- **ABOUT THIS EXERCISE**:
Among the entries below, the lines from the one with "T-shirt design zeixs" up to and including the one with "Headphone Jbl Synchros" are to be restated exactly, without pictures.

- **PROVIDED DATA**:
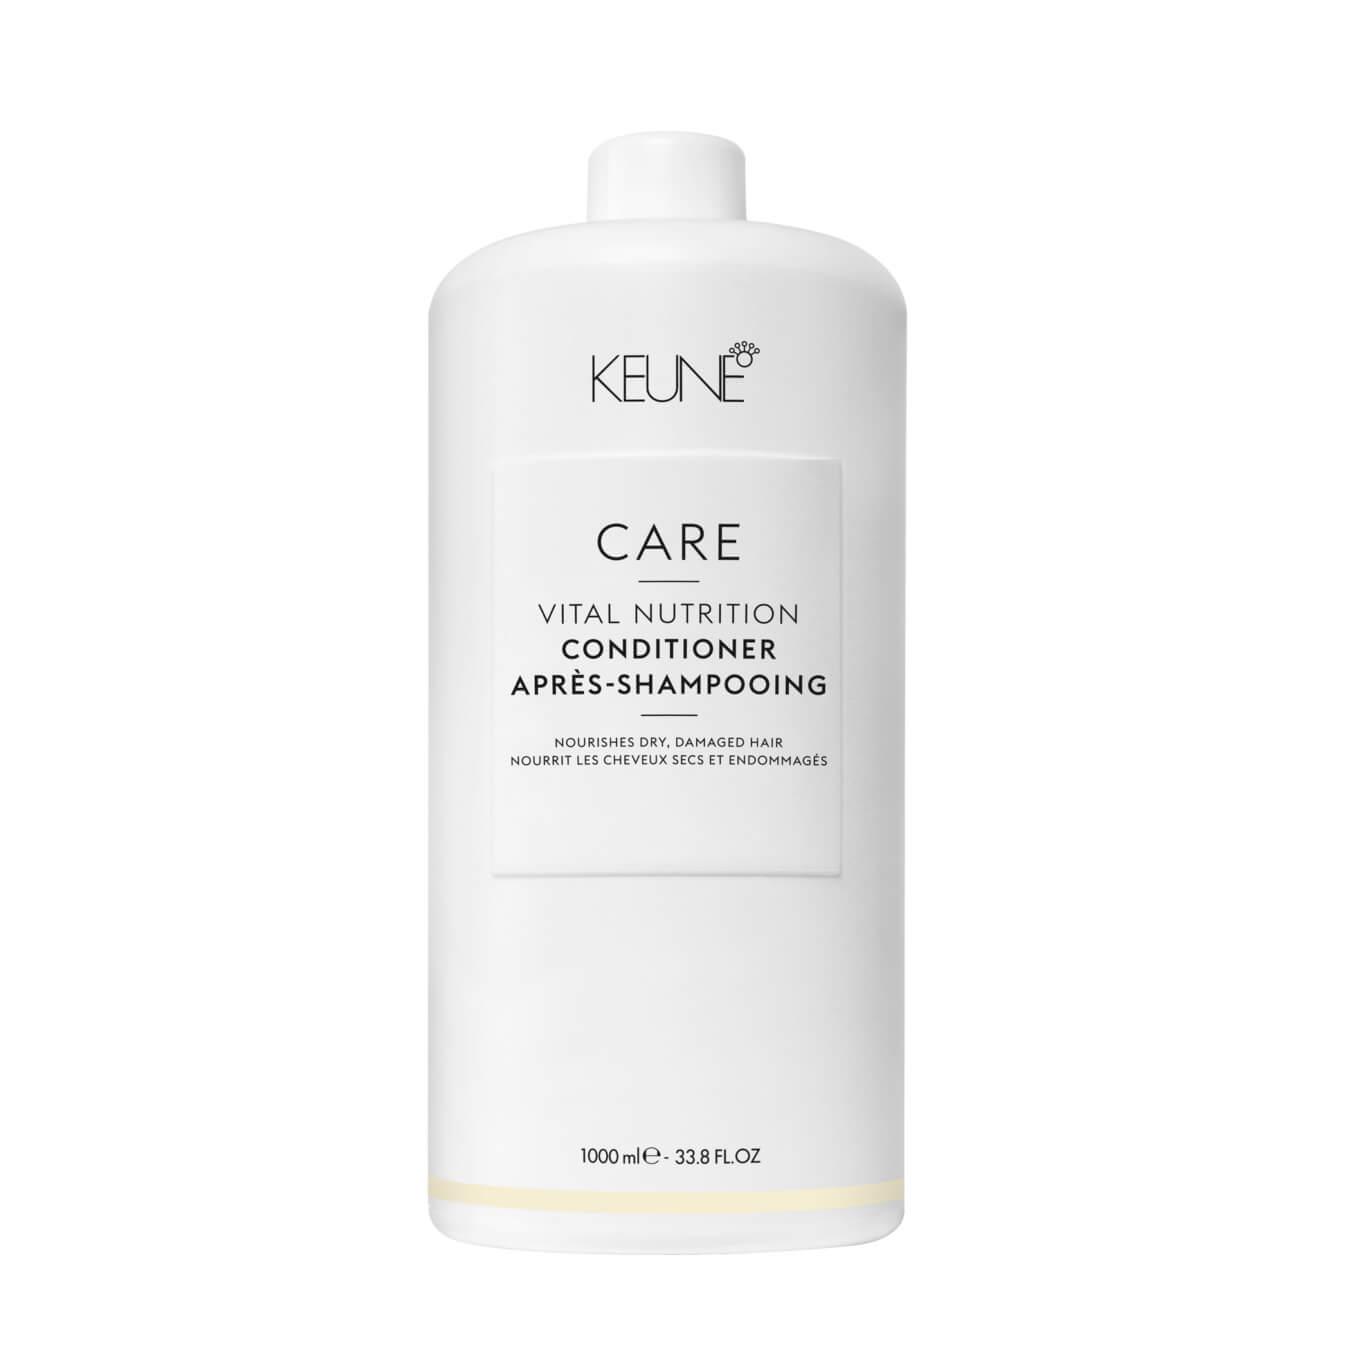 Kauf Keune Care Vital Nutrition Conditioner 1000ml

---

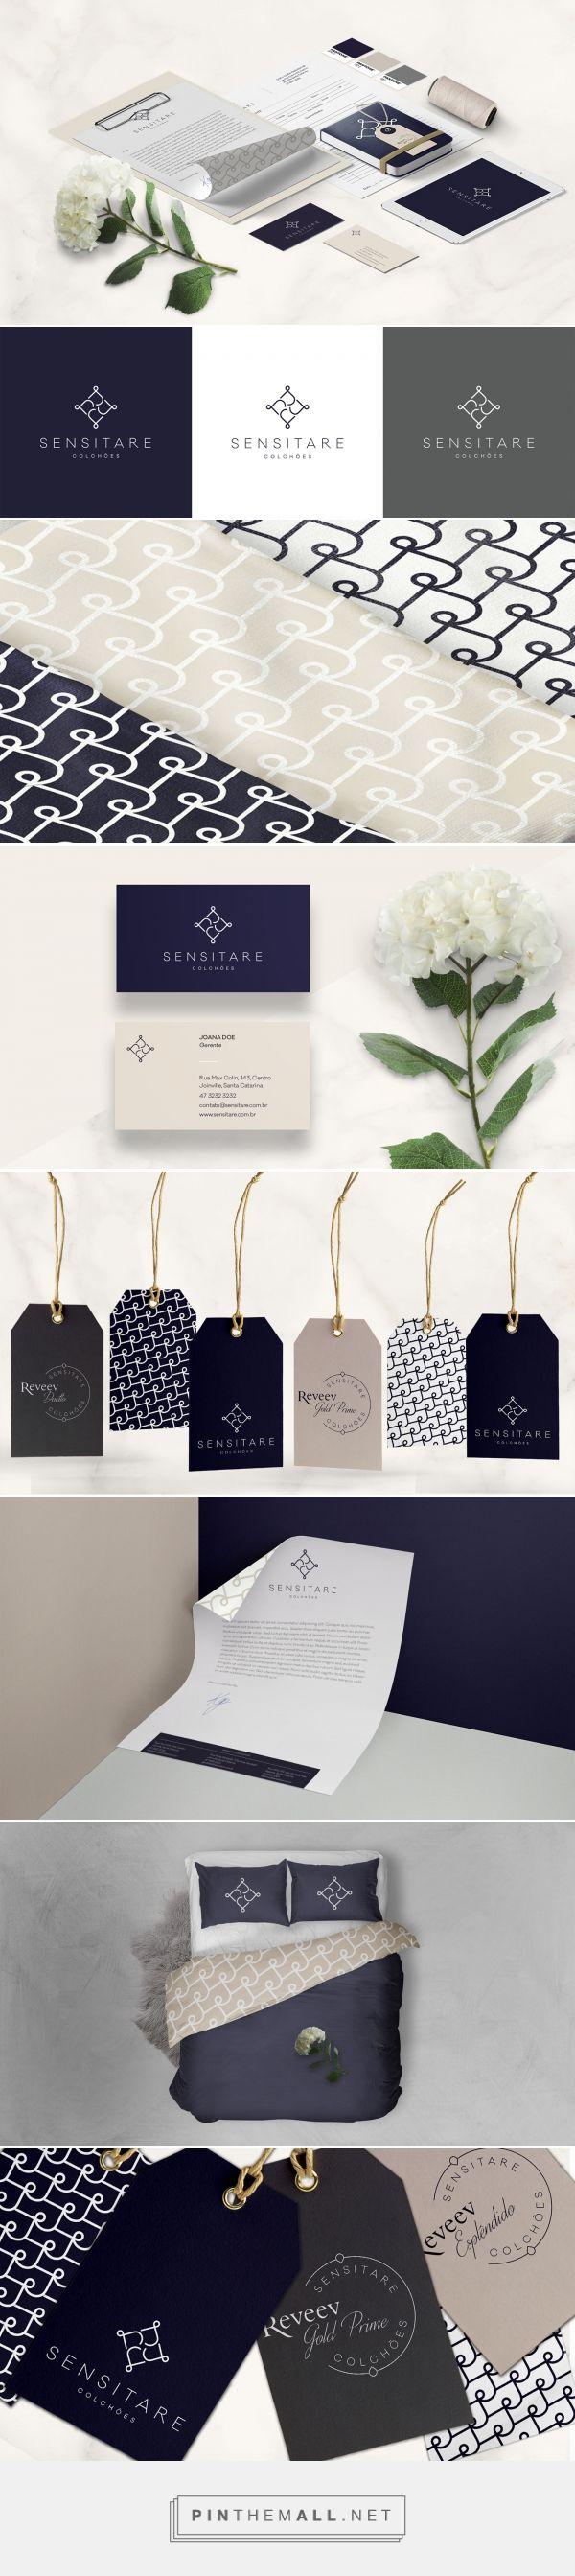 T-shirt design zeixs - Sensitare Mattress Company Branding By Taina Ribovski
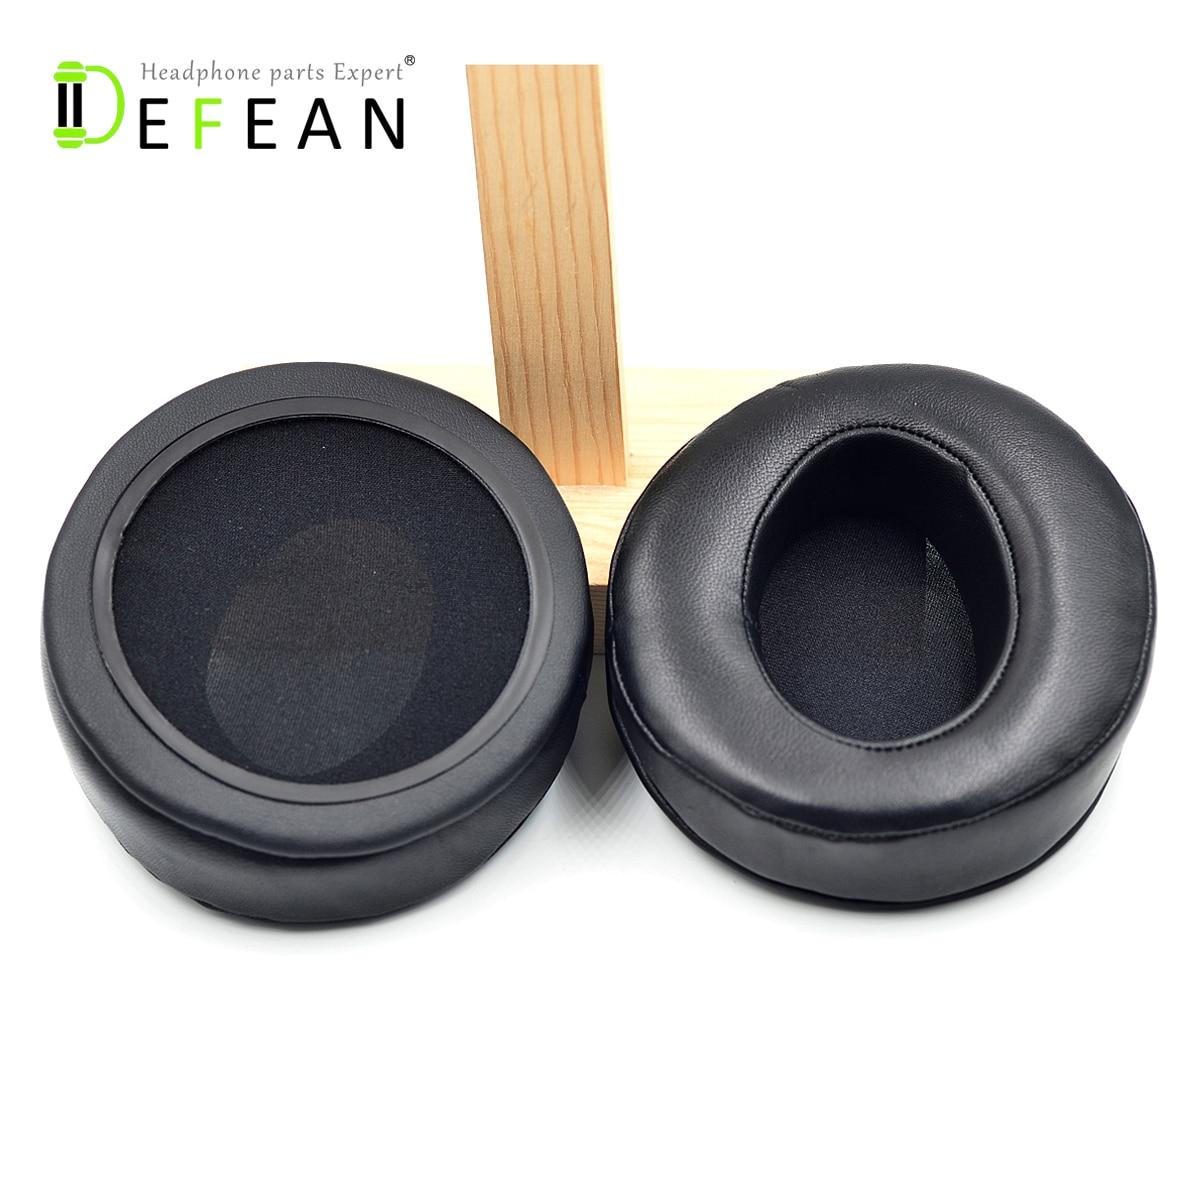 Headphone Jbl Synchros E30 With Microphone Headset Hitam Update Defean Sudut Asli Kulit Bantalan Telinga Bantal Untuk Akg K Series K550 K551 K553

- **EXERCISE OUTPUT**:
 T-shirt design zeixs - Sensitare Mattress Company Branding By Taina Ribovski
 Headphone Jbl Synchros E30 With Microphone Headset Hitam Update Defean Sudut Asli Kulit Bantalan Telinga Bantal Untuk Akg K Series K550 K551 K553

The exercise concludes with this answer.